- Task instructions
Nothing in the listing should be altered when it is copied, and no picture goes into the copy.

======== The data ========

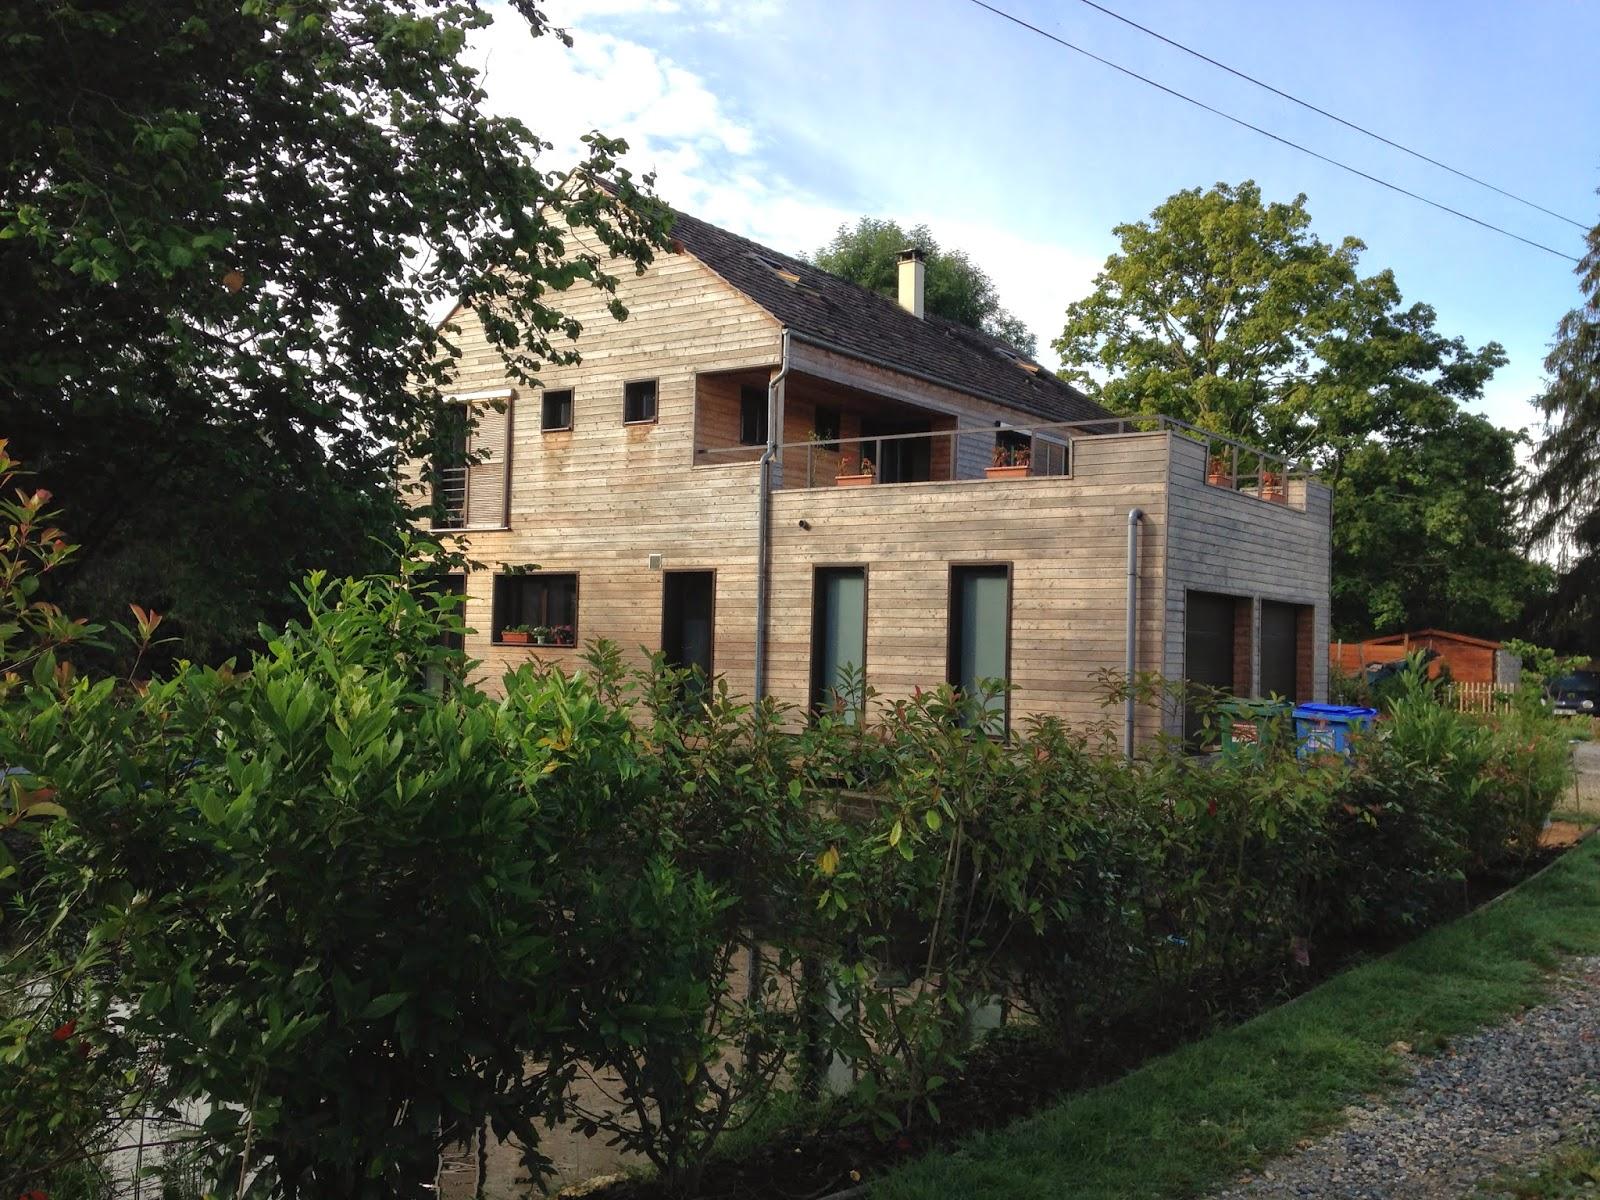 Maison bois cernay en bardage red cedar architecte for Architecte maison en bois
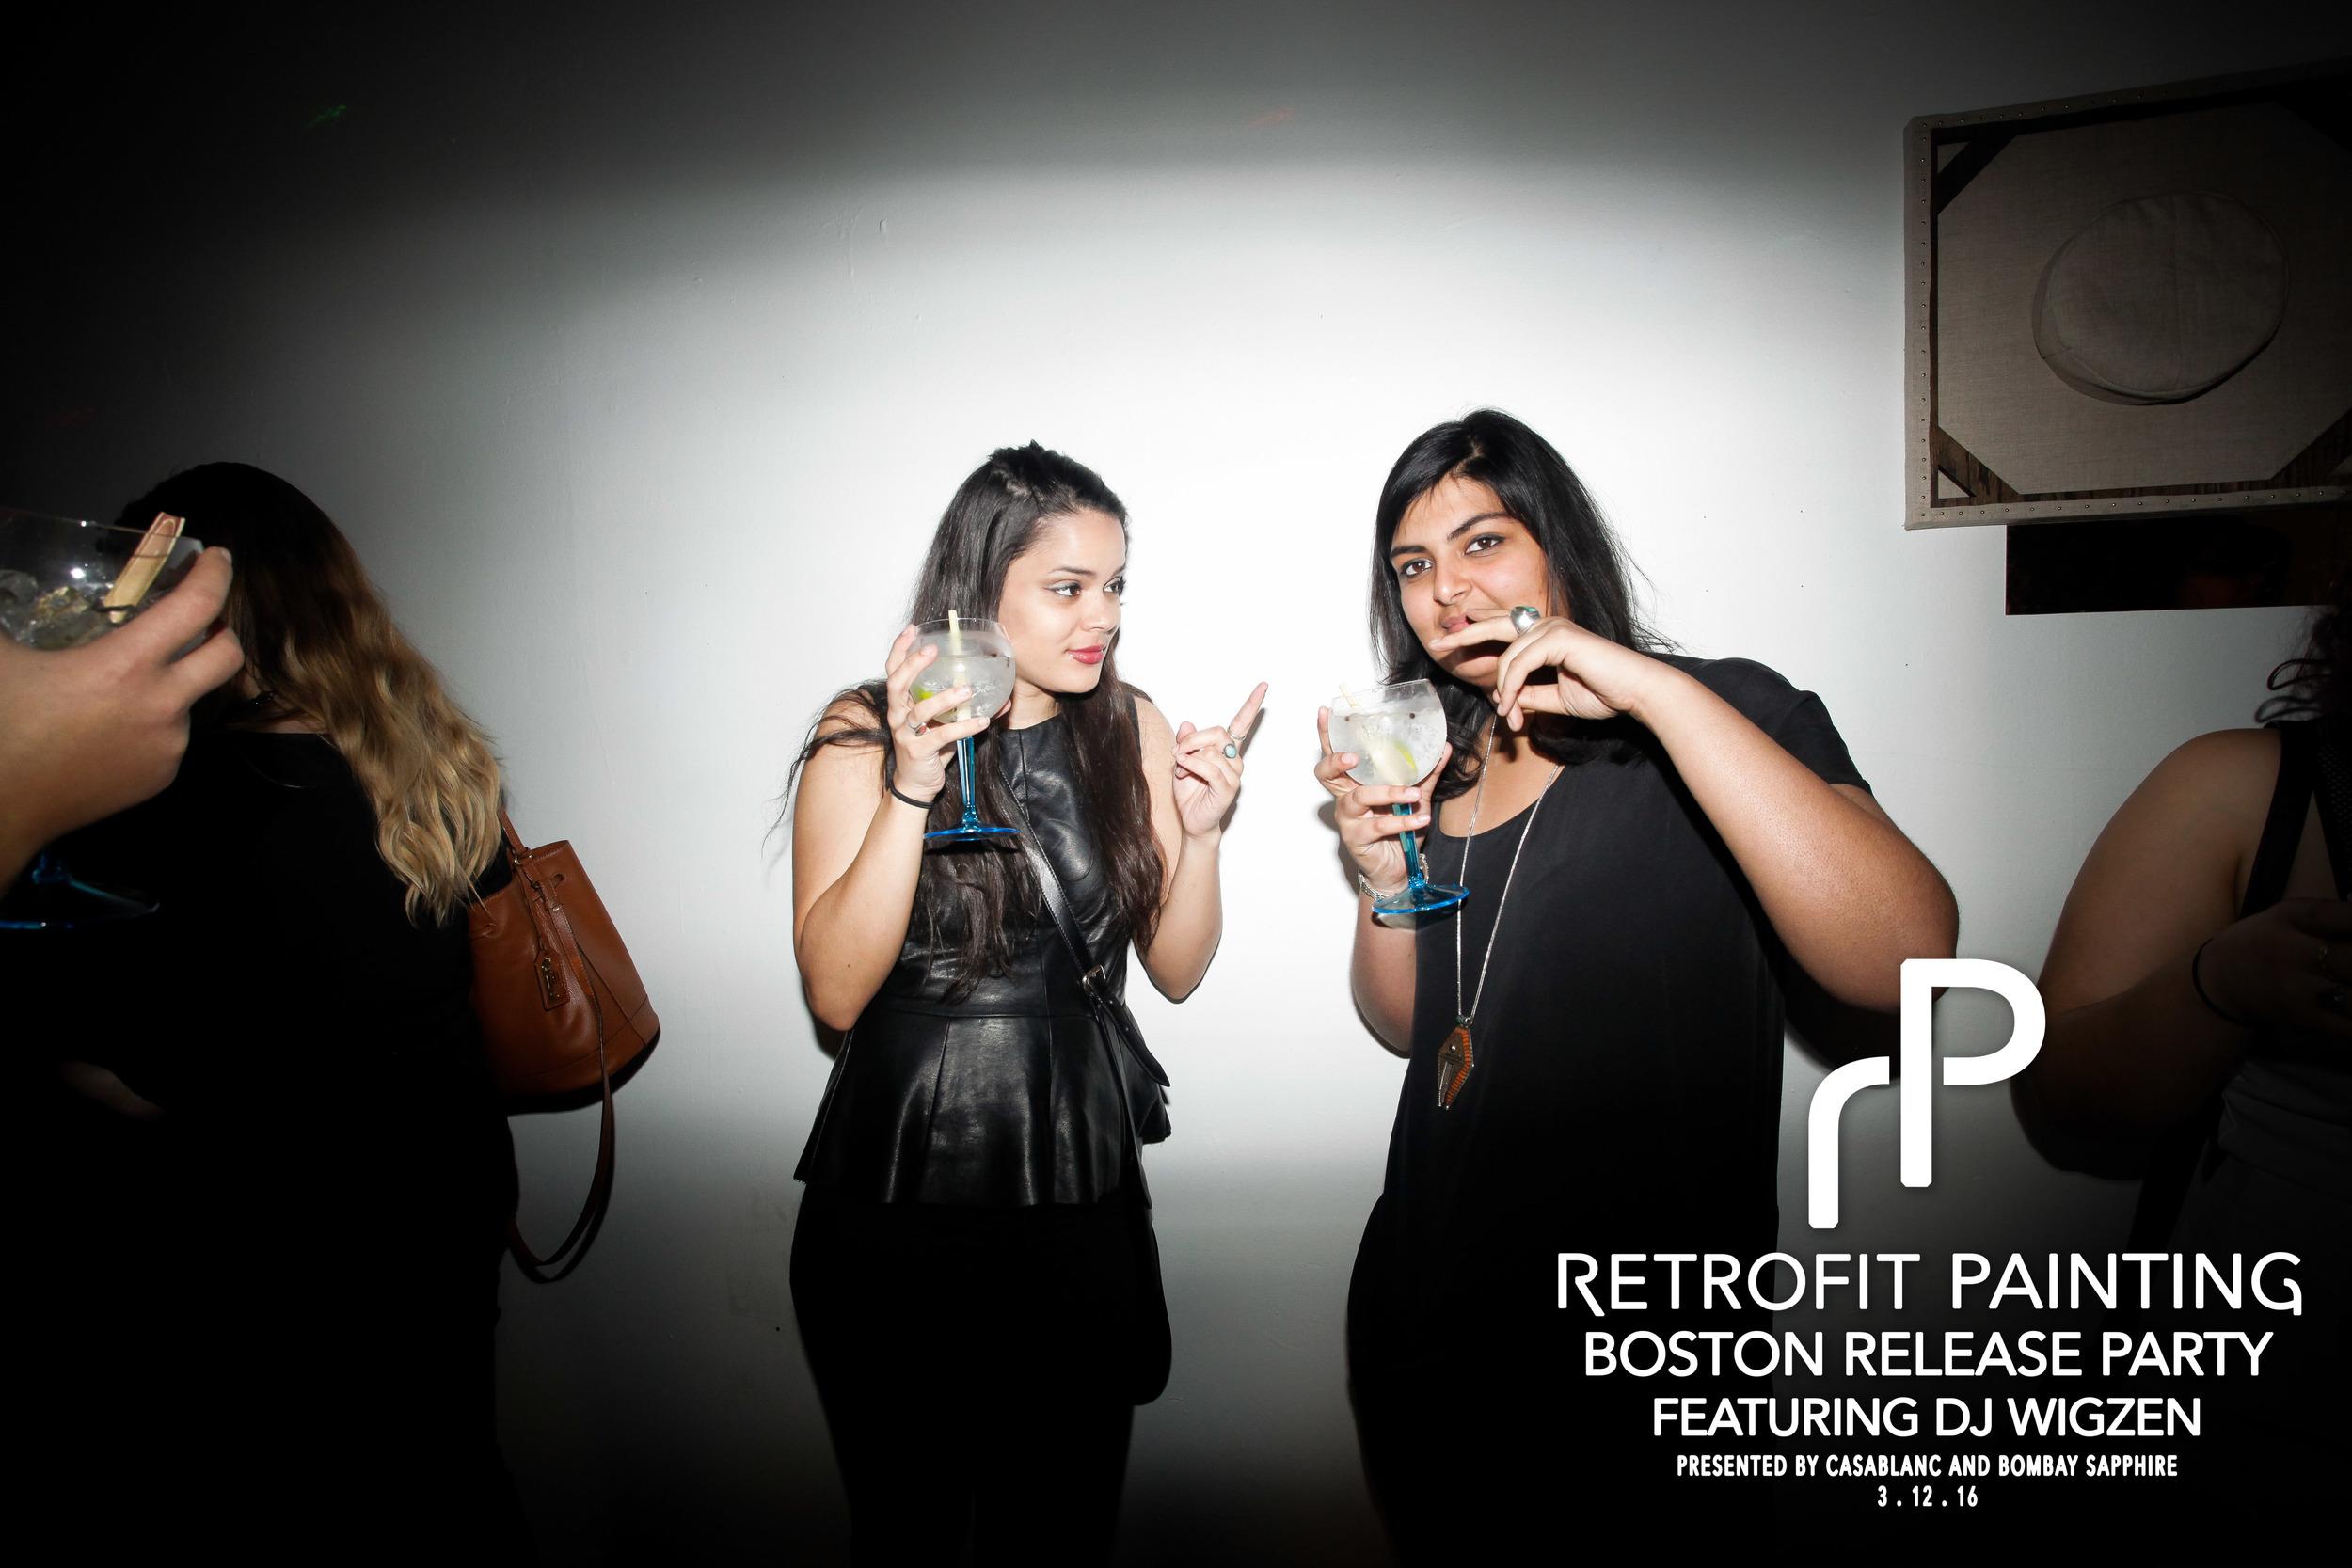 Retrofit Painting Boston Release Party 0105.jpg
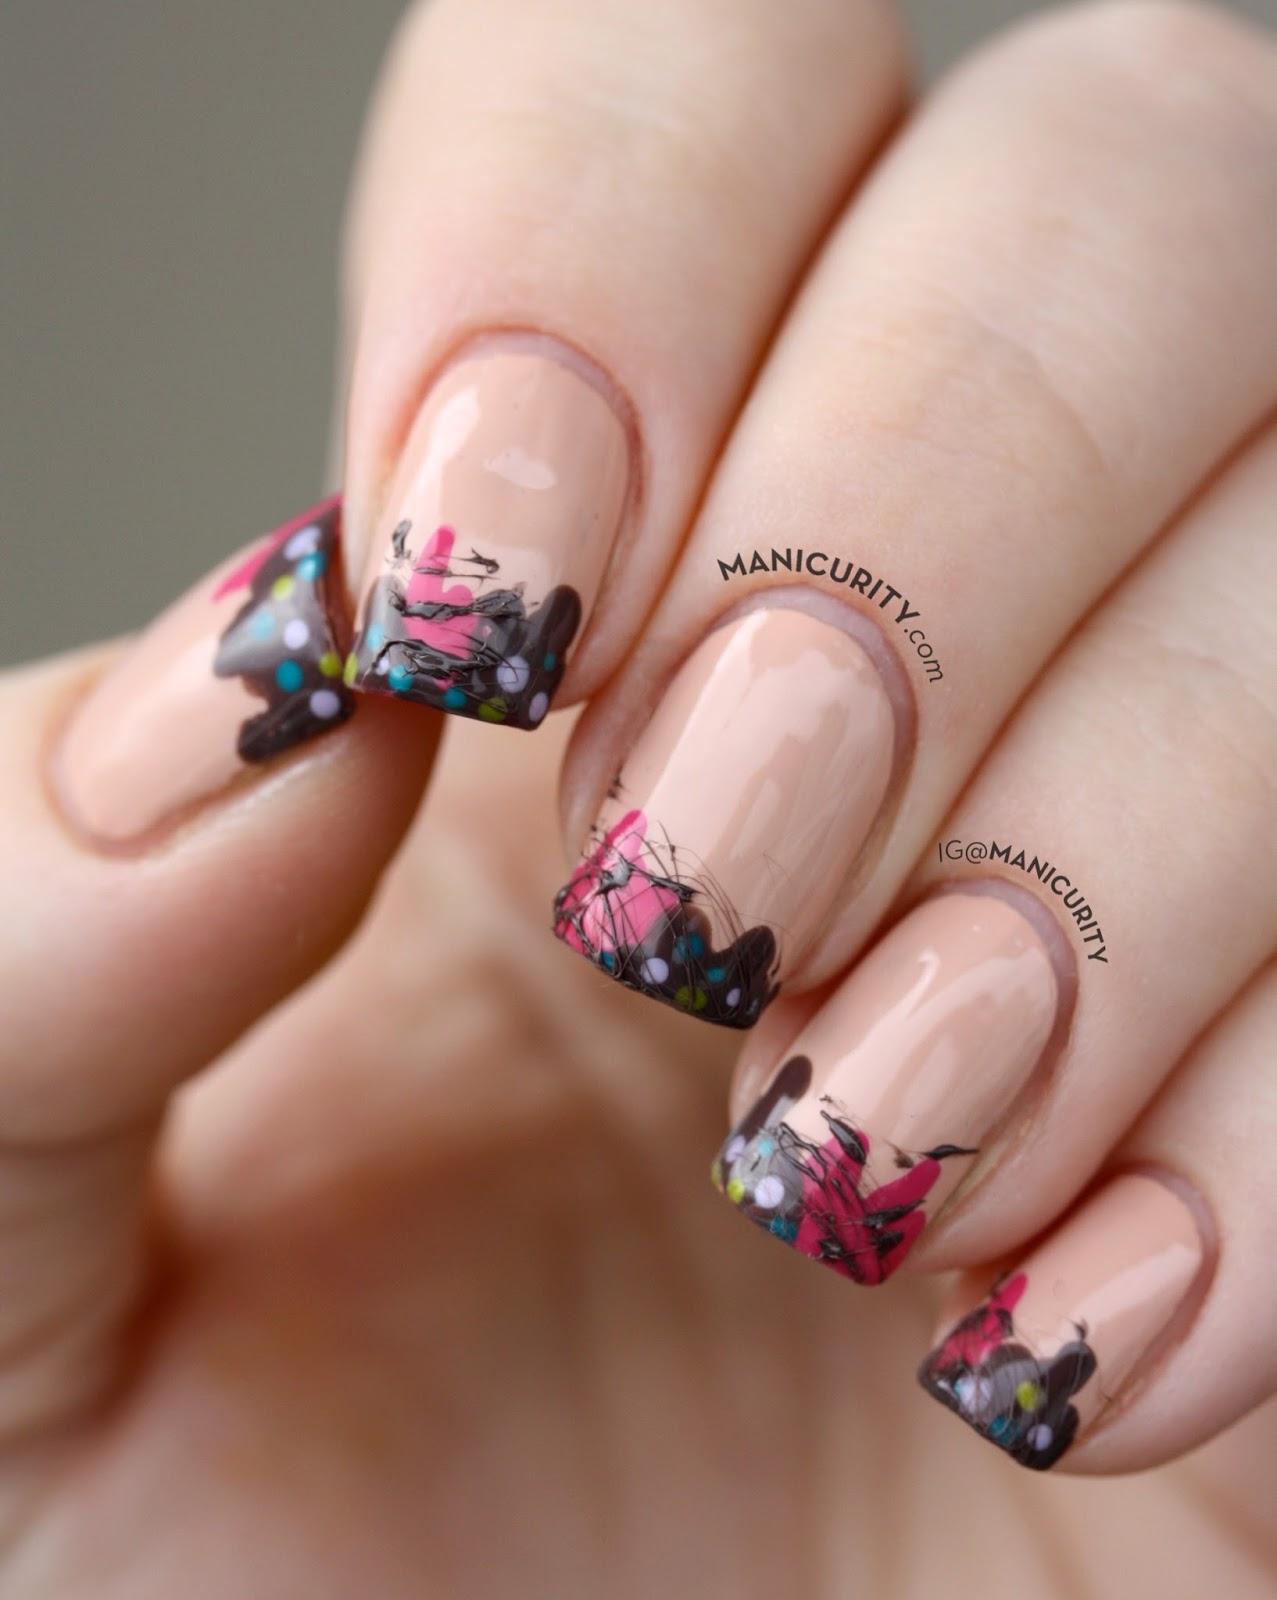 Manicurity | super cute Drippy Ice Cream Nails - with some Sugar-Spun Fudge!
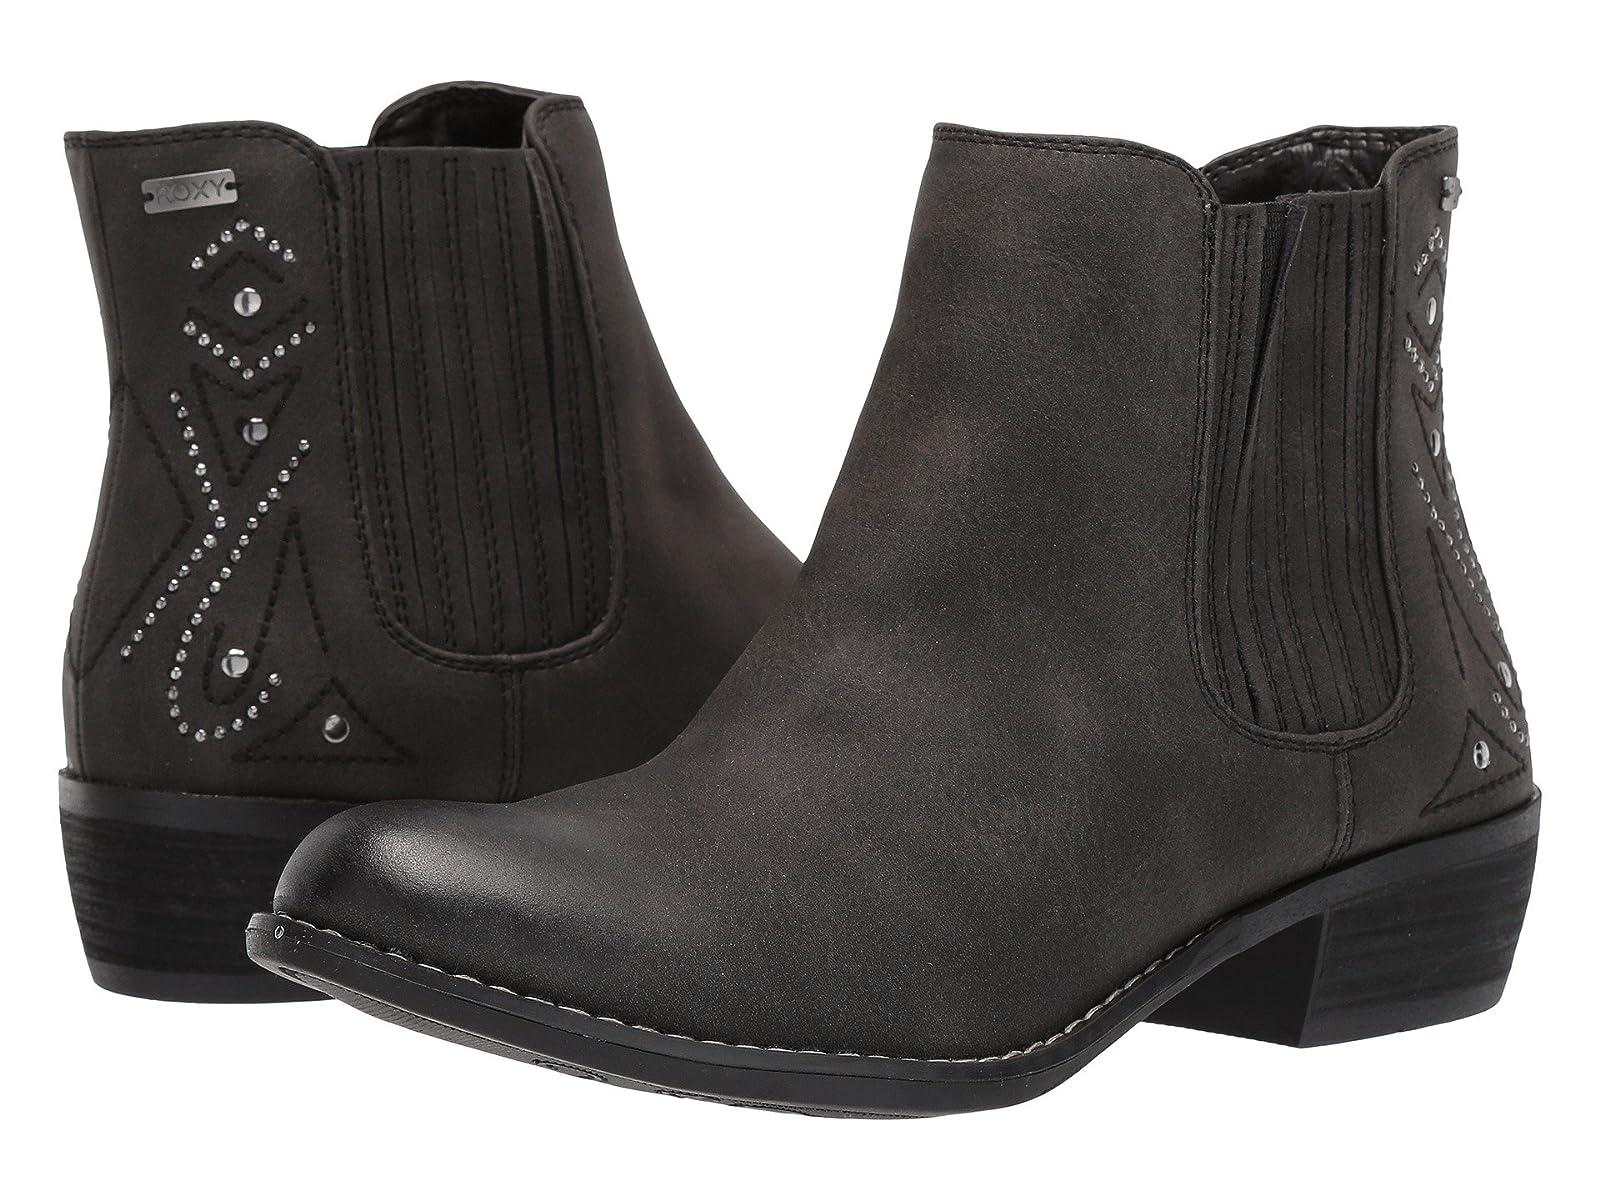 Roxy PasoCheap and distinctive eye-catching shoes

========

- Output below
 Maison bois cernay en bardage red cedar architecte for Architecte maison en bois
 Retrofit Painting Boston Release Party 0105.jpg
 Manicurity | super cute Drippy Ice Cream Nails - with some Sugar-Spun Fudge!
 Roxy PasoCheap and distinctive eye-catching shoes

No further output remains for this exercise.